# Breaktime fraction and tasks between breaks have reciprocal mean

Is your queue free one tenth of the time? Expect to work ten tasks between breaks.

If I have 1 worker dedicated to a stream of independently distributed tasks each with fixed unit time, and this stream averages $$\mu \in (0,1)$$ new tasks per unit time, then the distribution for freeing the queue after exactly $$x$$ units of work is

$\text{Borel}_\mu(x) = \frac{ e^{- x \mu} (x \mu)^{x-1}}{x!}$

Numerical summation of $$\sum_{x=1}^{\infty} \text{Borel}_\mu(x) = 1$$ for any $$\mu \in ( 0, 1)$$, which demonstrates a valid distribution. Performing a similar numerical summation in this same range to find the mean also converges:

$E(X) = \sum_{x=1}^{\infty} x \text{Borel}_\mu(x) \approx \frac{1}{1-\mu}$

So, quite simply, by this distribution, if my minion spends 1/5 of his time with a free queue, then I should expect him to work 5 tasks (on average) before the queue is again free. Also, by the exponential distribution, having 4/5 of his time busy, I should expect a free queue to last about 5/4 task units.

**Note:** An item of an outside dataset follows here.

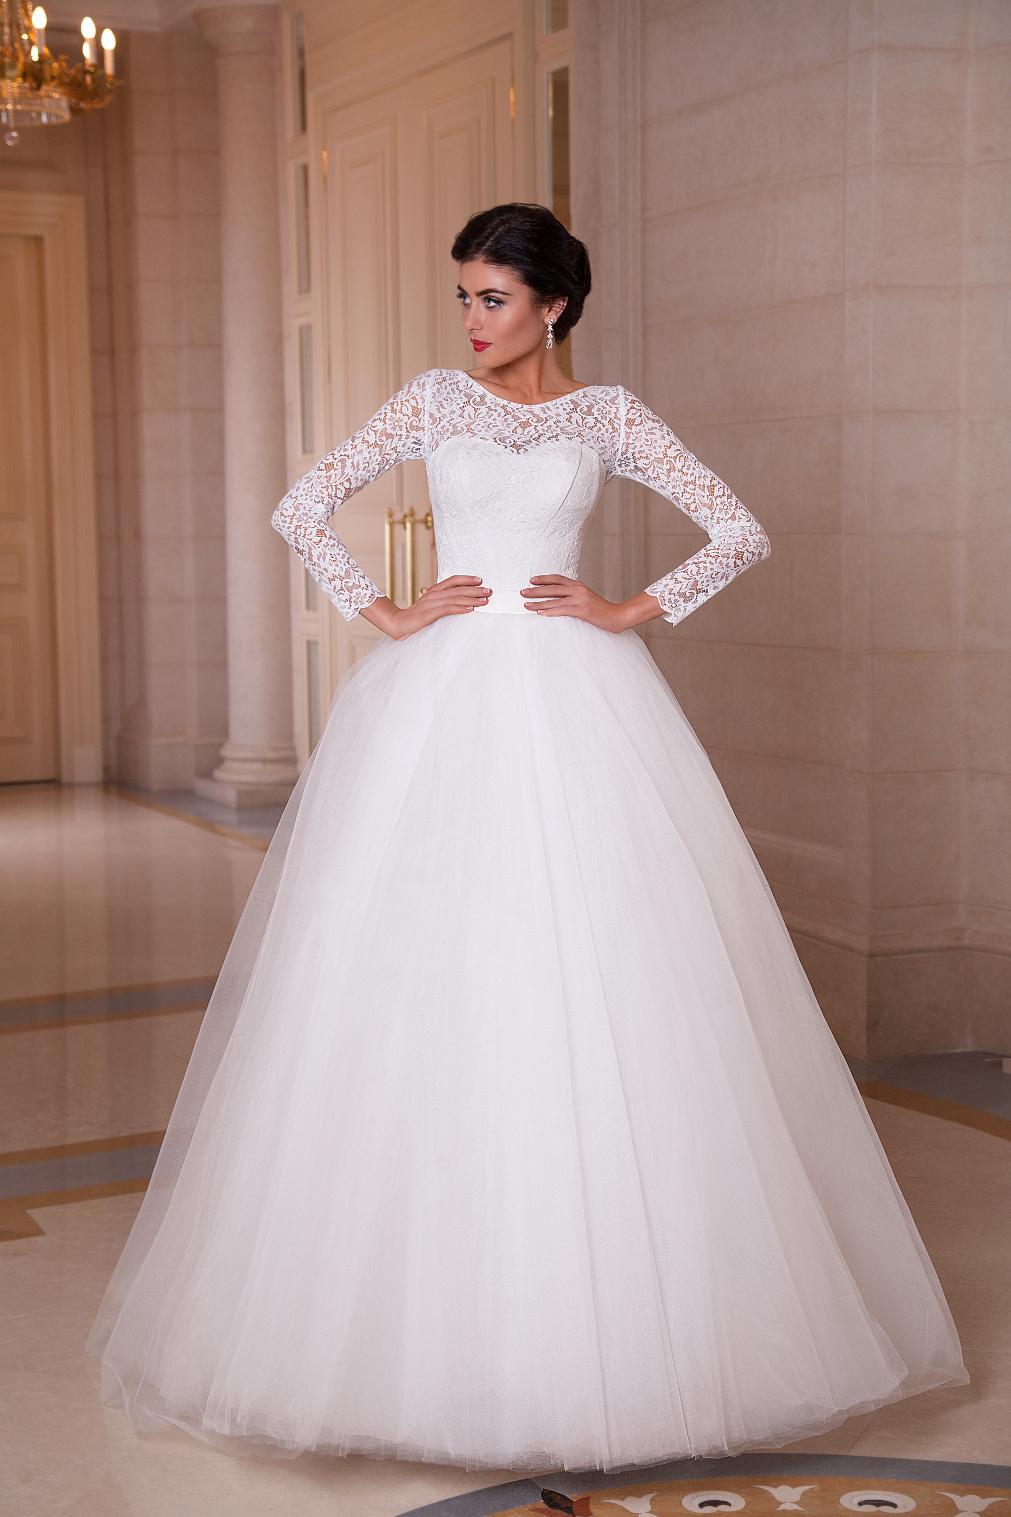 بالصور صور فساتين عروس , اجمل واحدث صور لفساتين العروس 2378 4

Fixed task lengths may make this result seem trivial, so I could assign an exponential random variable to the time on each task, with unit mean. Keeping the mean arrival rate of $$\frac{1}{\mu}$$ will leave $$\mu \in ( 0, 1)$$ time free on average just like $$\text{Borel}_\mu(x)$$. Specifically, I have the following:

Time to next decrement from queue (non-empty) has a distribution

$~ Exp(X,1) = e^{-x}$

Time to next increment to queue has a distribution

$~ Exp(x, \mu) = \mu e^{- x \mu}$

Because decrement and increment is memory-less, I can quickly explore the function of a working queue. Before I begin, at $$x = 0$$, I have an empty queue (0-job state). There is no chance of decrement, so work start is predicted by $$~ Exp(x,\mu)$$. At that moment the queue will be active on the first job; I'll call this the 1-job state. The 1-job state lasts until the job finishes, or a second job is queued. If a second job is queued, I have the 2-job state, which this will last until either a job finishes (returning to the 1-job state), or else a third job will be queued (3-job state). And so on.

Will this FRIFRO (First random-in, first random-out) look like the continuous variant of the next $$\text{Borel}_\mu(x)$$ distribution? I'm not expecting any surprises but I'm still working on it so in time I'll get around to it.